Flip the injured Thielen for the now-traded Diggs, and the Vikings have a similar conundrum in 2020. The No. 1 status is clear for the 29-year-old Thielen. Suddenly, though, the team that once banked in its dynamic top two to cover up an ambiguous No. 3 has no clear-cut choices beyond Thielen. For Sharpe, who watched first-round pick Corey Davis (2017) and second-round pick A.J. Brown (2019) supplant him on the Titans’ depth chart in recent years, his opening in Minnesota offers a potentially refreshing narrative change.
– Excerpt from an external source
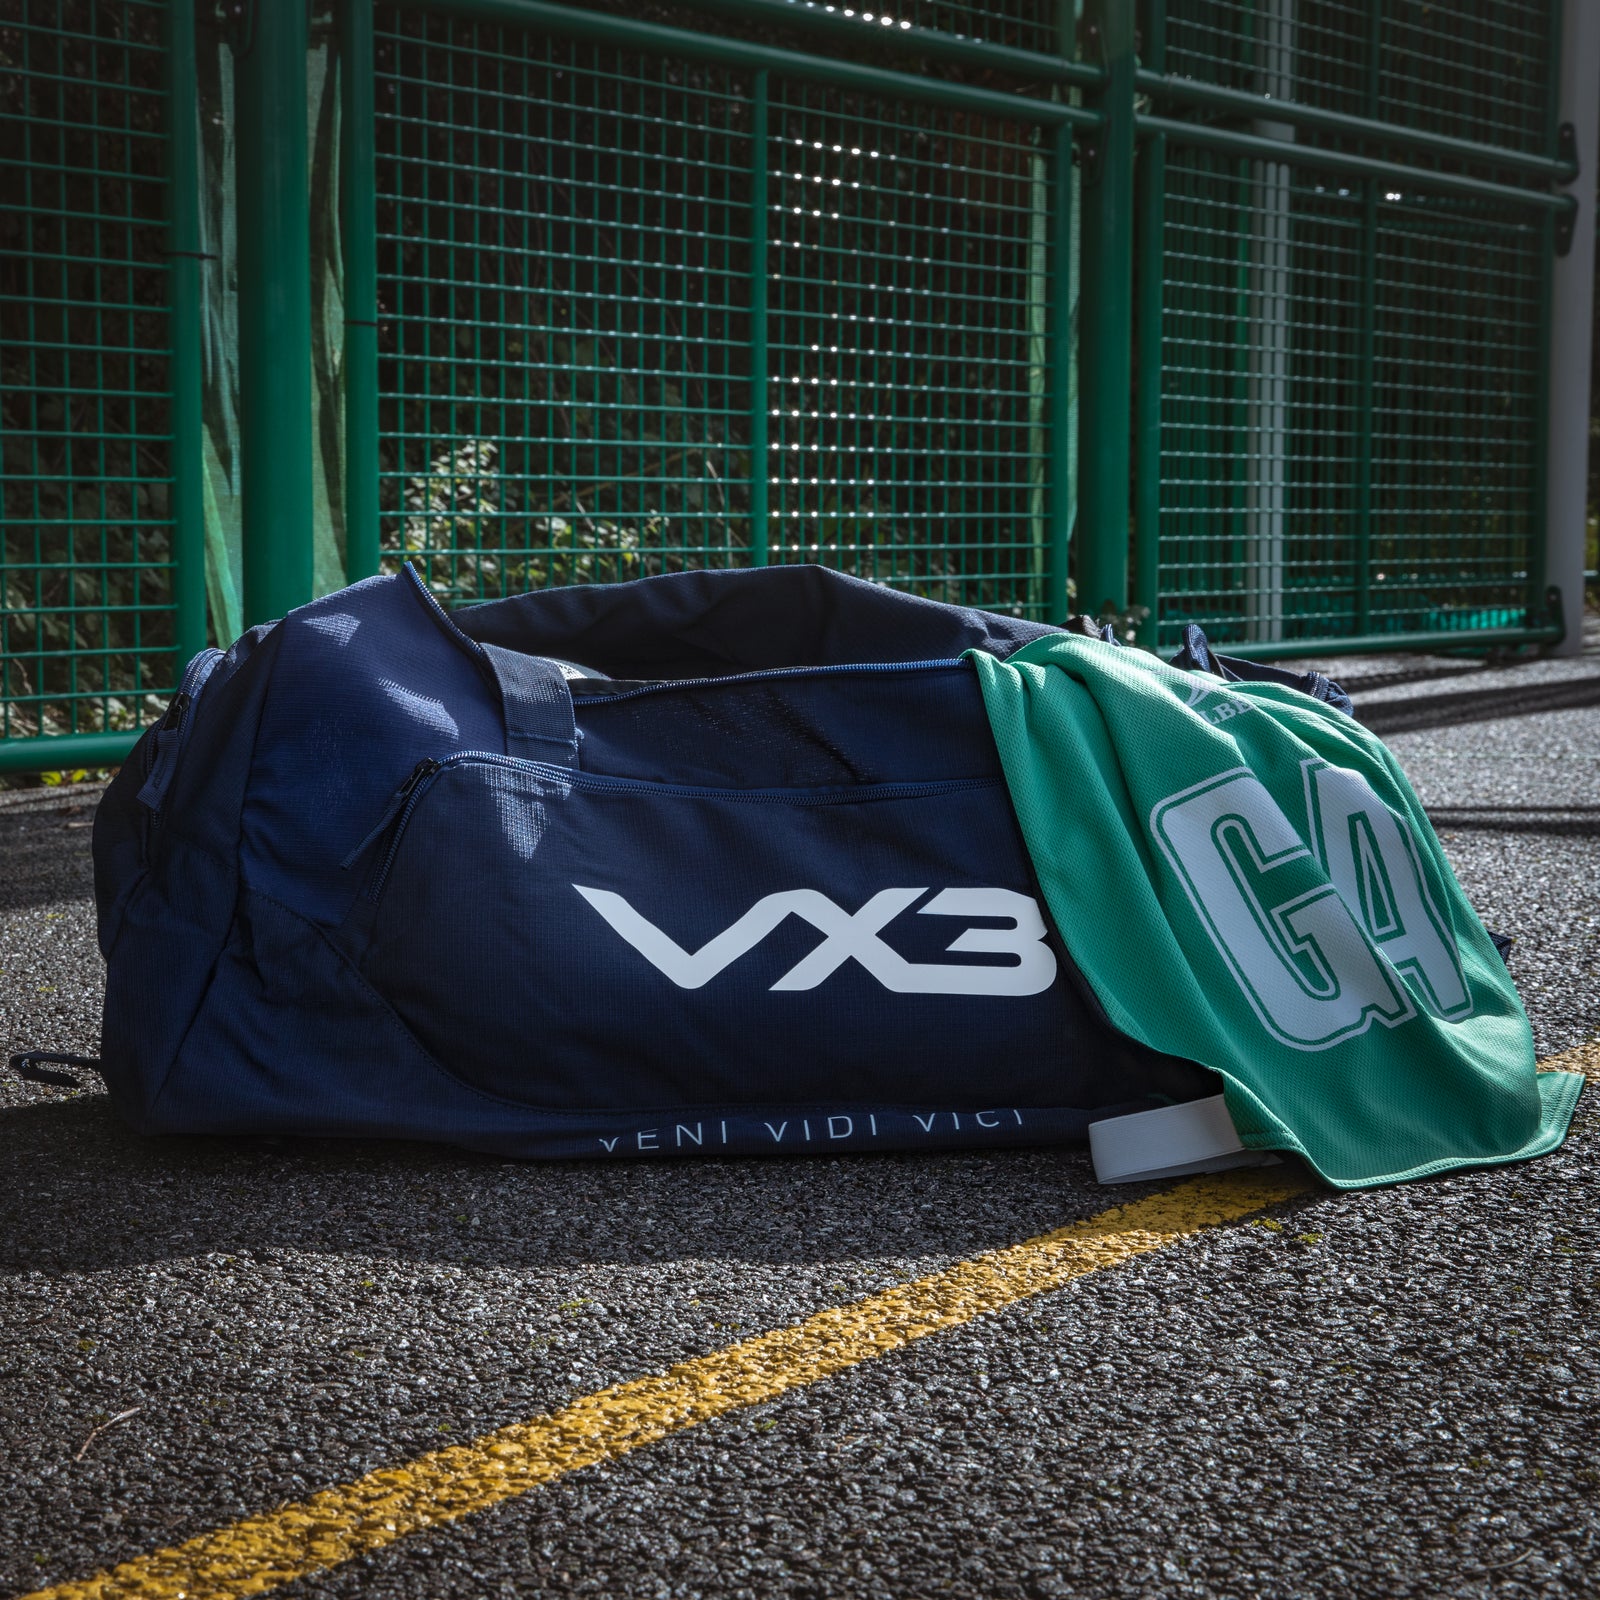 VX3 Teamwear Rugby Bags - Rugbystuff

“Obviously we had guys [in Tennessee] that were brought in every single year at the receiver position,” Sharpe said, “so having a new coaching staff different than what I had my rookie year, coaches like to bring in guys that they want to see come in and try to make some plays, so I understand that part about the business, and I’m all cool with that. That’s how the game goes, but like I said now, the opportunity that the Vikings presented my with, being able to come in and having a chance to compete for a starting spot and widen my role a little bit, have a larger role as a part of the offense. That was an opportunity that I just couldn’t pass up.”
With the Vikings, Sharpe joins another system predicated on the run game, similar to the Titans’ model that nearly ran them into the Super Bowl last season under head coach Mike Vrabel. That doesn’t always sit well with receivers — just ask Diggs — but Sharpe also sees the opportunity to play with the best quarterback of his career in Kirk Cousins.
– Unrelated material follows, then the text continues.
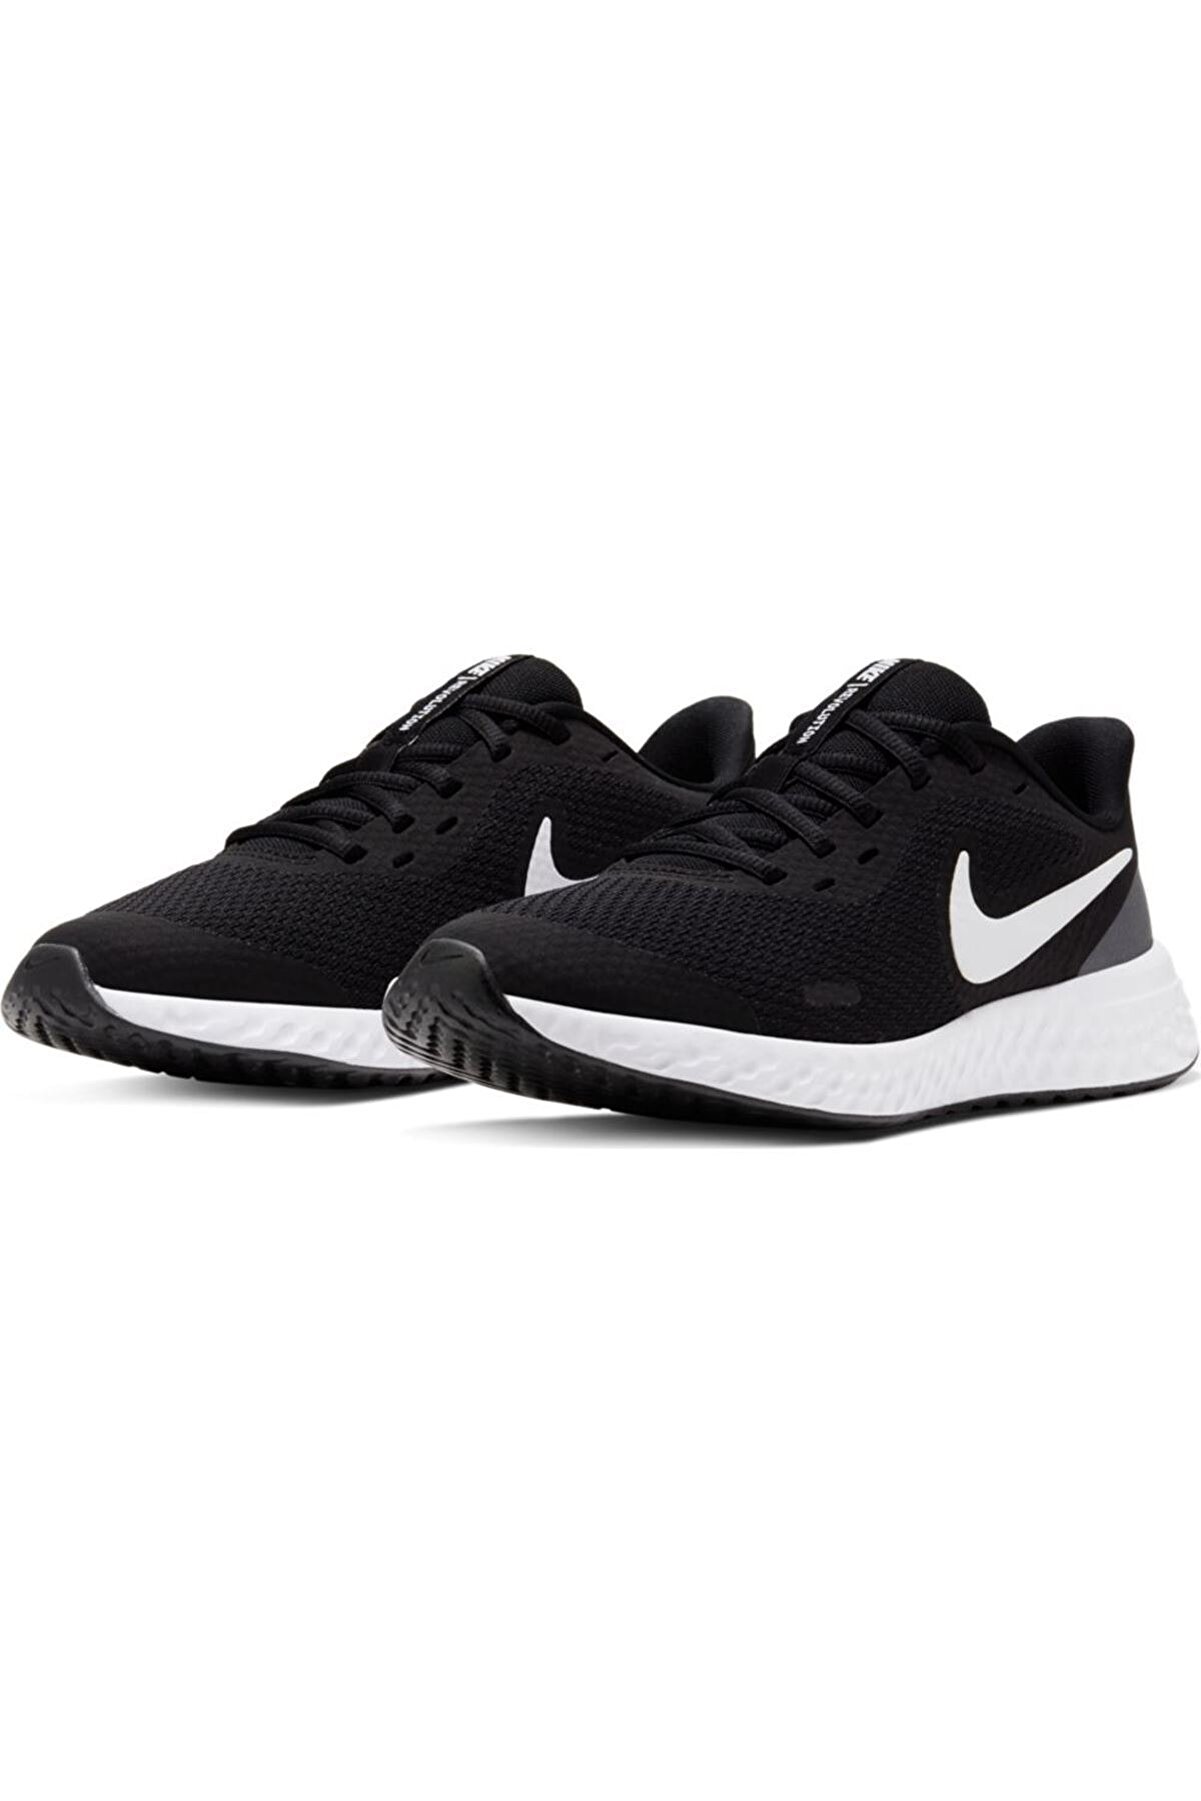 Nike Kadın Siyah Bağcıklı Yürüyüş Ayakkabısı Bq5671-003

“I had the pleasure of speaking to Kirk briefly yesterday,” Sharpe said. “He reached out to me, and he was excited to get things going. I’m excited, as well, to have a guy that I see as a great leader for the team. He’s an established quarterback, an established player in this league. He does a great job of delivering the football to his receivers. He was probably the best deep ball thrower in the league last year, so I’m excited about that, getting an opportunity to go downfield and make some plays.”
Deep passing wasn’t an area in which Sharpe thrived with the Titans. After a hopeful rookie season, Sharpe notched just four receptions over the next three years that went for 20-plus yards, and he failed to show much ability after the catch despite a respectable 40-yard dash time in the 4.5-second range.
Sharpe sees himself as versatile, however, with an increasing ability to play out of the slot using his bigger 6-foot-2 frame.
“I just feel like being inside I feel like it’s way more space in there, so to me in my personal opinion it’s a little bit easier than playing on the outside,” Sharpe said. “It’s just way more space in there, so it’s a lot of fun to be able to move around and be able to play just a bunch of different positions on the field.”
The 25-year-old believes playing under Gary Kubiak will be a continuation of his experience with former Titans offensive coordinator Matt LaFleur, who used similar terminology. But those offseason meetings designed to acclimate acquisitions with their new playbooks are on hold right now after the Vikings joined clubs around the league in closing their team facility due to concerns over the Coronavirus.
To stay active, Sharpe says he’s working out in his home gym and catching passes on a JUGS machine, while finding time to write and record music on the side.
“It definitely feels a little weird,” Sharpe said, “especially being an athlete, we’re kind of used to rippin’ and runnin’ and being on the go, you know, most of the year. Now everybody just has the chance to kind of sit down and kind of gather their thoughts and everything like that, but it is a little weird that I’m not getting ready to go out to Minnesota and get ready for OTAs and stuff right now. Everything’s on hold.”